Exploring the structural basis for high-efficiency energy transfer in photosynthetic organisms

Photosystem I (PSI) is one of the two photosystems found in the thylakoid membrane of oxygenic photosynthetic organisms. Its function is to harvest light energy that is utilized to drive a chain of electron transfer reactions, which leads to the production of the reduction power required for converting CO2 into sugars. In higher plants, the core of PSI is surrounded by a large light-harvesting complex I (LHCI), which forms a PSI-LHCI supercomplex with a total molecular mass of 600 kDa. The light energy captured by LHCI is transferred to the PSI core with an extremely high efficiency.

The crystal structure of plant PSI-LHCI supercomplex has been reported previously. However, the crystal structures reported so far lacked sufficient resolution to reveal the detailed organization of the PSI-LHCI supercomplex with atomic precision, especially with respect to the positions and number of cofactors associated with LHCI.

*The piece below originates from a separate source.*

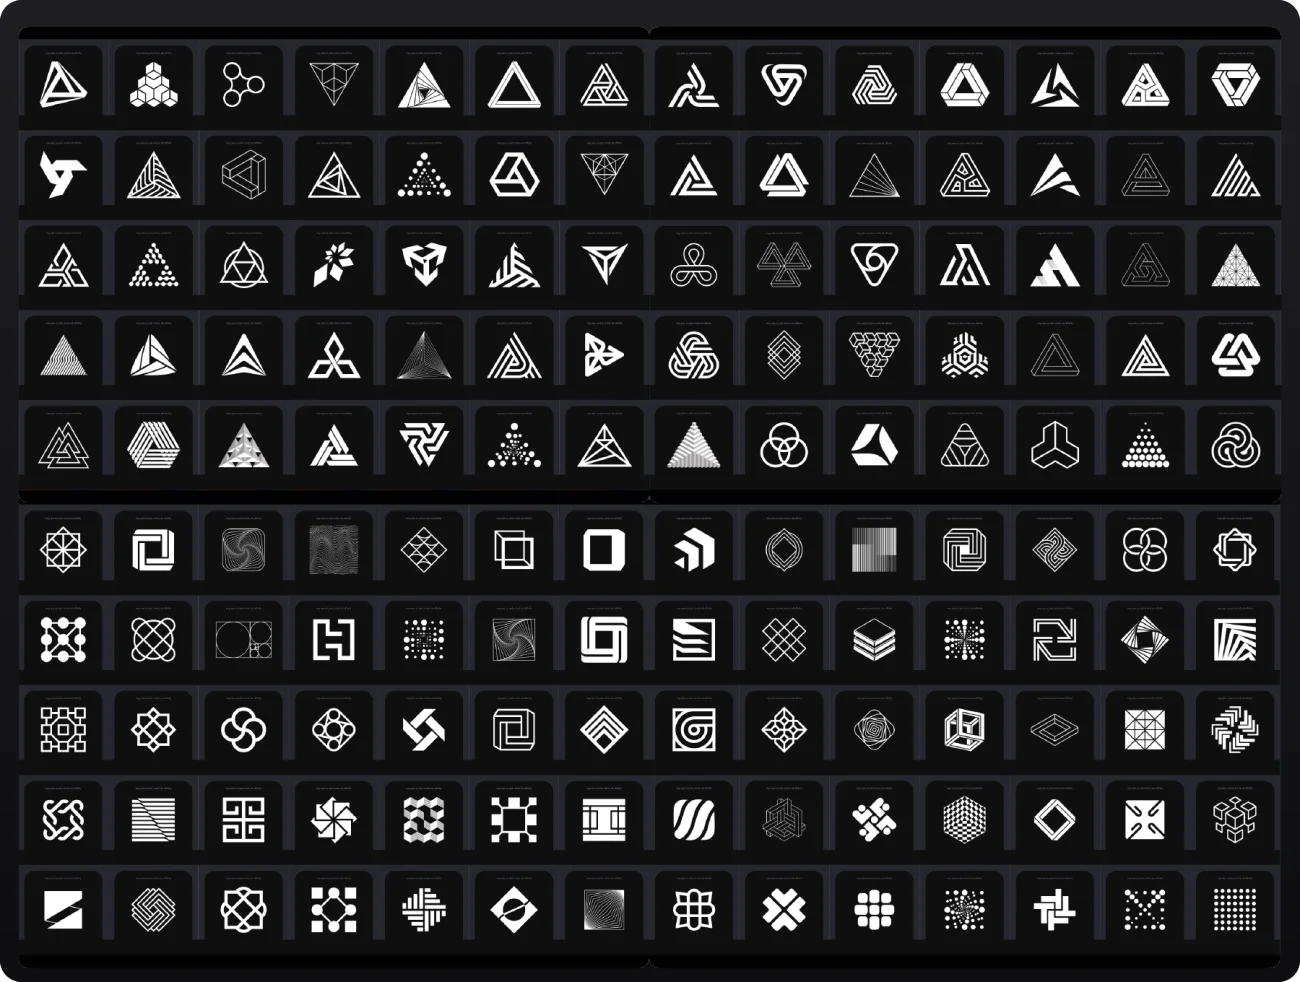 超过1000款用于设计logo的预设矢量形状图形 Logo Shape Pack .sketch .psd .ai插图11

Now, Michi Suga, Jian-Ren Shen at Okayama University in collaboration with Tingyun Kuang and Xiaochun Qin at the Chinese Academy of Sciences have solved the crystal structure of plant PSI-LHCI supercomplex to a resolution of 2.8 Å.

The research group purified and crystallized the PSI-LHCI supercomplex from the leaves of a pea plant and succeeded in improving the quality of the crystals dramatically. With these improved crystals the group was able to collect the X-ray diffraction data using the intense X-ray at the synchrotron facility SPring-8 in Japan. They then analysed the data using crystallographic approaches to determine the structure.

The improved structure revealed the detailed organization of protein subunits and cofactors. This enabled the mechanisms of energy transfer, regulation, and photoprotection within the PSI-LHCI supercomplex to be examined on a more robust structural basis.

This work provides structural insights into the energy absorption and transfer mechanisms in photosynthesis. In addition it may provide a blueprint for the design of light-harvesting setups with extremely high efficiencies that can be utilized in artificial photosynthetic systems.